# Frogs & Toads > Pacman Frogs >  Male Pacman Noise Concerns

## ReptileAddiction

So I am extremely interested in getting a pacman. I have done my research and I know what I am doing I think. I do have one question/concern. If I end up with a male what is the noise like? Is it loud? Does it do it all the time? Is there a way to stop it? Will I hear it in the rest of my house? I have tried to find what I am looking for but to no avail. Last time I was at a reptile show (where I will buy this pacman) there was one fairly young male pacman that would not stop croaking. It is one of the largest shows in the U.S. and you could hear that one frog across the entire show and it was very loud. I definitely could not have that. I plan on buying a small juvenile pacman so is that to early to tell the sex? The croaking one at the last show was a size I would be happy with. If they are large enough to sex do the breeders generally have it marked on the deli cups? If I asked them the sex would they be able to tell me? As you can see I am new to the frog world though I have kept a myriad of other reptiles. Thanks!

Sam

----------


## DVirginiana

You can't tell the sex before they are generally old enough to start calling.  The only way to be guaranteed to get a female is to buy an adult.  One way to tell for sure one is a male (other than calling) is that males will have nuptial pads on their front legs.  Mine is a female, so I don't really know how often they call.

----------


## Colleen/Jerrod

That particular male was in breeding mode if he was calling that loud consecutively.

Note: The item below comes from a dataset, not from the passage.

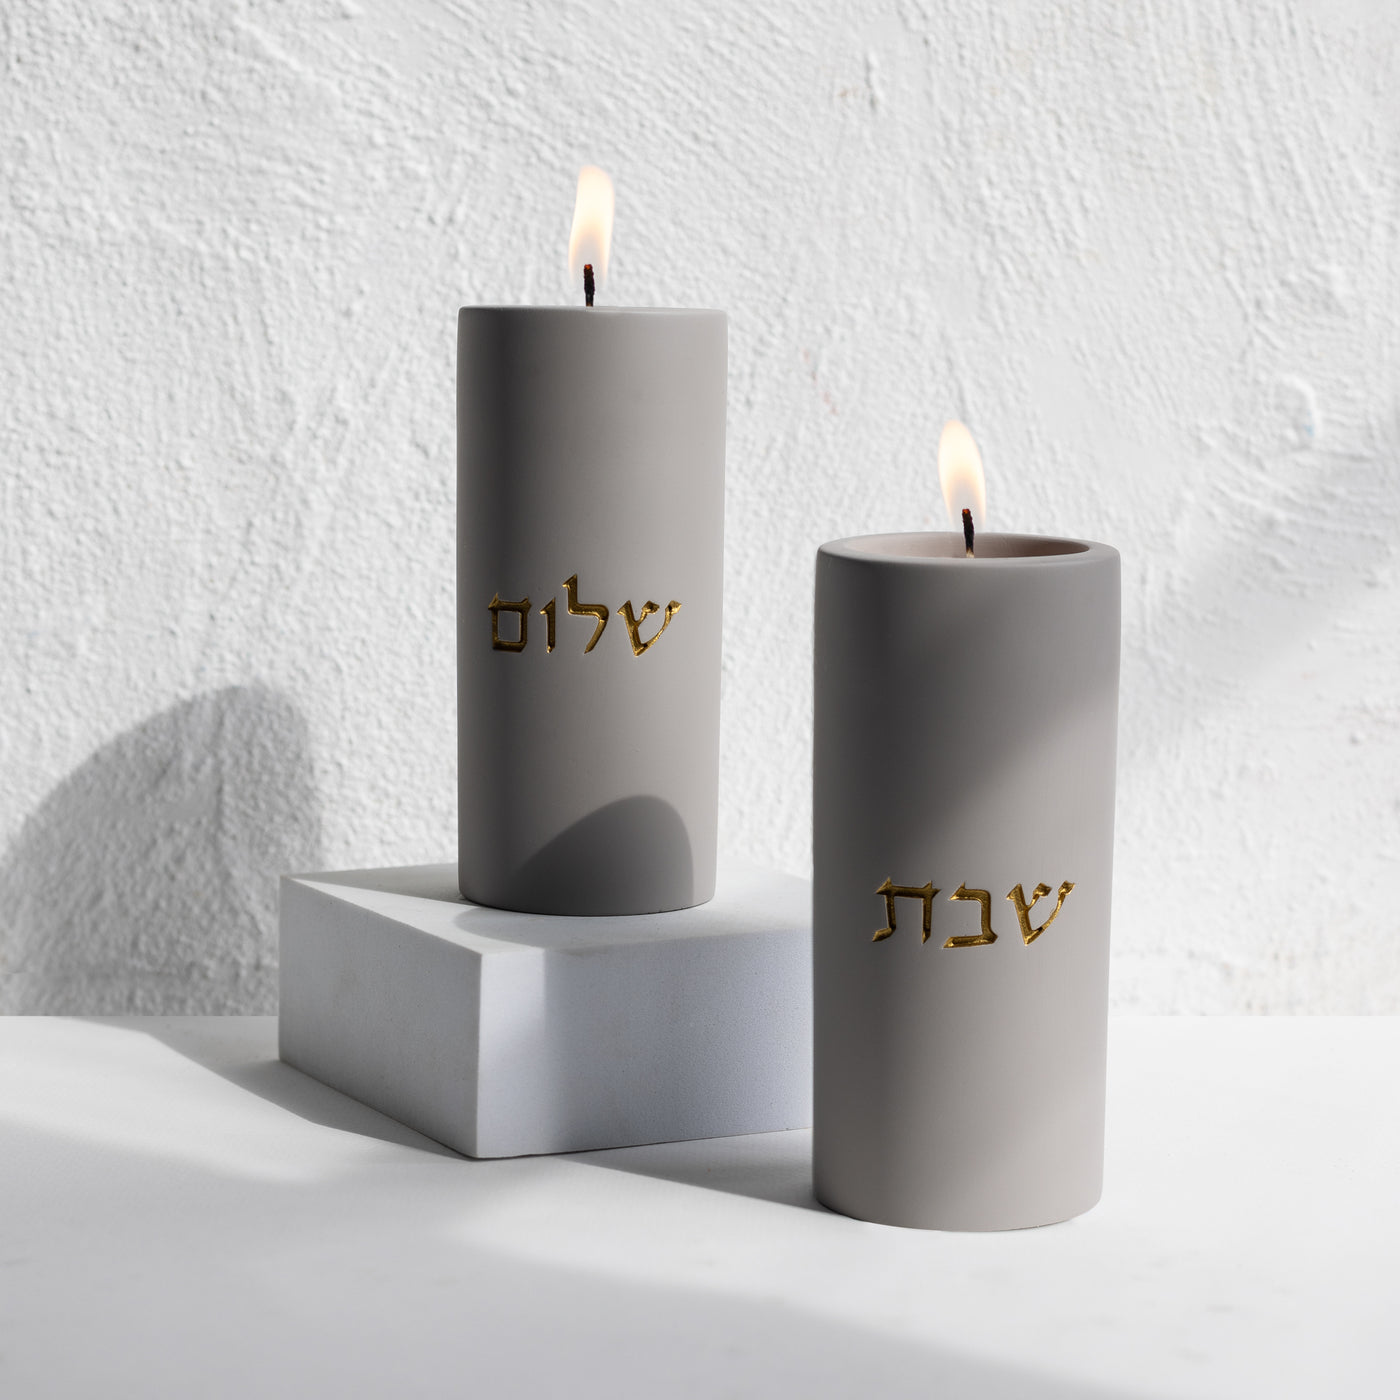 Shabbat Candlesticks in Natural Concrete Gray Color - Concrete

When not wanting to breed they may produce territorial calls, which start soft and then gradually get louder, but peak at a certain level and the frog will stop. The frog may also call in response to your voice once it gets used to you. Honestly its not that bad. I have 21 Frogs with 20 of them being Pacman Frogs. My oldest male calls all the time and it is actually soothing to me. I love to hear them vocalize. Once you get used to the sound you will sleep right through it.

Now as for getting a male or female well you will be playing a game of chance. It is best to buy one as a quarter to half dollar sized baby and raise it up to adulthood. This way the frog becomes accustomed to you and your husbandry rather than buying an adult that has been raised by someone else. Males begin to get Nuptial Pads at 2.5" to 3" when the male begins to become sexually mature. He will begin to call at this time as well. Nuptial Pads are dark mole like spots that appear of the side of the male frog's thumbs. Females lack these and are for the most part quiet, but there are females that vocalize just not loudly like males. Both sexes have various sounds they produce, but only males produce the mating call. These frogs like most species have Sexual Dimorphism which means the female is larger than the male. Males will top out at 3" to 4" SVL(Snout to Vent Length) depending on species and females will top out at 4.5" to 6" SVL(Snout to Vent Length) depending on species.

Most of the time you will end up with a female, but like I said its a game of chance.

Good luck.

----------


## mchell43

I too had the very same concerns, I got mine as a young one and hoped it would be female. I was wrong but its not bad at all. Had him over 6 months now and he doesnt call much at all. He started when he was 3 inch in width and often at first. But I would be in next room and thought it was birds at first, it sounds real nice. My OH hears him early in the morning sometimes but it dont wake us. I was put off by watching you tube ones, being wrongly tormented . Mine is very chilled and has no signs of aggression, I can pick him up and move soil around right in front of his face, he is fine, kinda sweet. I reckon as long as you never stress or bother them much at first, they are fine with you.

----------

Hypnofrog

----------


## ReptileAddiction

Thank you guys for your help! I think I will just end up getting a small one because it doesn't seem like it will be to bad. I do have one more question though. Do they croak at night? Thanks.

----------


## mchell43

they can call at night but its only the mating call. Mine does it in bursts of 3 then thats it , as long as you dont plan on having him in your bedroom you prob wont hear. They dont do it that often . The one you heard at show could of been stressed ,as them places can be noisey and he prob sensed all the lady frogs abaout LOL

----------


## ReptileAddiction

I do plan on having the frog in my room as I do not have another place for it.  Does it croak at night all year long or is it only during mating season? When is mating season and how long does it last? Are there mating calls loud?

----------


## Lija

yes all year long  :Smile:  and more when it is raining, etc outside. honestly it never bothered me at all, they are all in a basement, but i do hear my nasutas croaking  even from the outside the house, lol pacman is not that bad in comparison lol they don't call that often too.

----------


## Jack

Mine barely ever croaks but when he does you can hardly hear it. Mine does it during day and at night but its not very loud and probably won't wake you up.

----------


## ReptileAddiction

Thank you! I do not think it will be a problem. I do live in Southern California where it hardly ever rains so that should help.  :Smile:

----------


## mchell43

It will be fine , if you get a baby it may end up being female , if not it realy is not much that they do it . Go for it but post pics !

----------